Dans une déclaration en hébreu, The Aguda a indiqué qu’elle était « profondément déçue que l’ILGA ait choisi de boycotter ceux qui travaillent pour les droits LGBTQ+ et luttent pour une société plus juste ».
Elle a par ailleurs rappelé le travail accompli par elle en Israël et souligné que l’organisation, fondée en 1975, travaillait avec des citoyens arabes et des populations de réfugiés palestiniens.
Elle n’a jamais épargné ses critiques envers le gouvernement ou les institutions israéliennes, s’en prenant aux chaînes de télévision lorsqu’elles diffusaient un discours anti-LGBTQ et dénonçant la recrudescence des attaques contre la communauté en Israël.
« En tant que communauté, nous ne devrions pas porter la responsabilité des décisions du gouvernement : nous attendons de la communauté internationale qu’elle soutienne les voix libérales au lieu de les boycotter », poursuit le communiqué.
« Nous sommes fiers d’être LGBTQ+ et israéliens, et nous continuerons à nous battre pour une société plus égalitaire et plus sûre. »
The Aguda rend notamment hommage aux soldats homosexuels qui défendent le pays et milite en faveur de l’égalité de traitement pour les soldats morts au combat.

La rabbin juive américaine Jill Jacobs, directrice de l’ONG internationale spécialisée dans la défense des droits de l’homme Truah et éminente critique du gouvernement israélien, a dénoncé la décision d’ILGA sur le réseau social X.

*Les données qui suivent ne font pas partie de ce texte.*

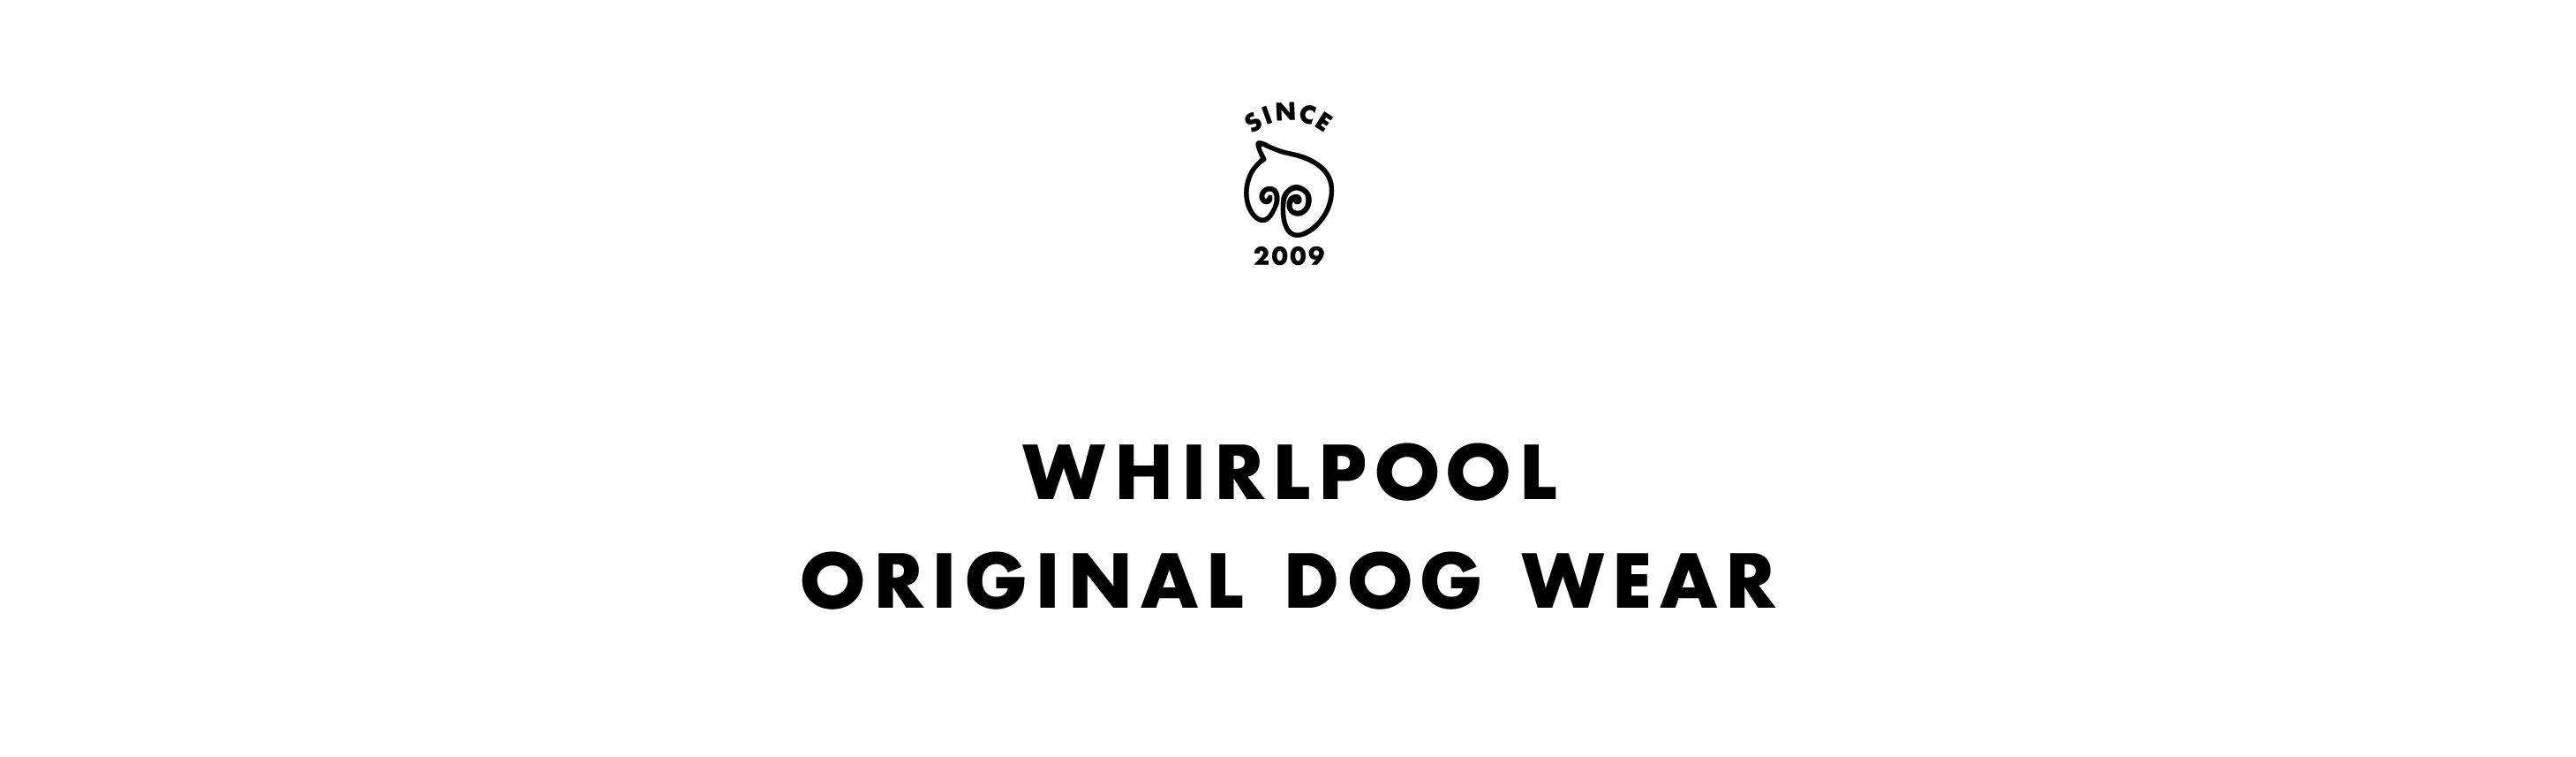 犬服 フレンチブルドッグ服 1点モノ リメイク オーダー whirlpool    お出かけしたくなっちゃうフレブル達の服を...

« Cette décision ne va pas arrêter la guerre ou protéger les droits des personnes LGBTQ, y compris des Palestiniens », a-t-elle écrit. « Cela ne fait que punir les personnes qui se battent pour la sécurité et l’égalité. L’ILGA a des membres dans d’autres pays qui enfreignent les droits de l’homme. Israël ne devrait pas être traité différemment. »
Aux Etats-Unis, des politiciens non juifs ont eux aussi critiqué cette décision.
« Empêcher une organisation LGBTQ israélienne d’être membre d’une organisation mondiale dont le but est de faire progresser les droits LGBTQ ne fait rien pour la paix, la justice ou la cause palestinienne », a tweeté le Représentant démocrate de Californie Ro Khanna. « Au contraire, cela ne fait que marginaliser davantage les voix progressistes en Israël. »
ILGA World a annoncé sa décision en amont de sa prochaine conférence en Afrique du Sud, là où, a expliqué l’ONG dans son communiqué, « nous repensons à l’apartheid et au colonialisme qu’a connus l’Afrique du Sud : l’idée-même de voter sur le principe d’une telle candidature dans ce pays aurait été en contradiction avec la solidarité sans équivoque envers le peuple palestinien ».
L’Afrique du Sud est l’un des pays les plus critiques d’Israël au niveau international. Il a porté plainte pour génocide – accusation que Jérusalem rejette – contre Israël devant la Cour internationale de justice et menacé de poursuivre en justice les ressortissants sud-africains qui servent au sein de Tsahal, ce que font nombre de jeunes adultes juifs d’Afrique du Sud.
Le gouvernement sud-africain a par ailleurs accueilli un dirigeant du Hamas en visite officielle après le 7 octobre.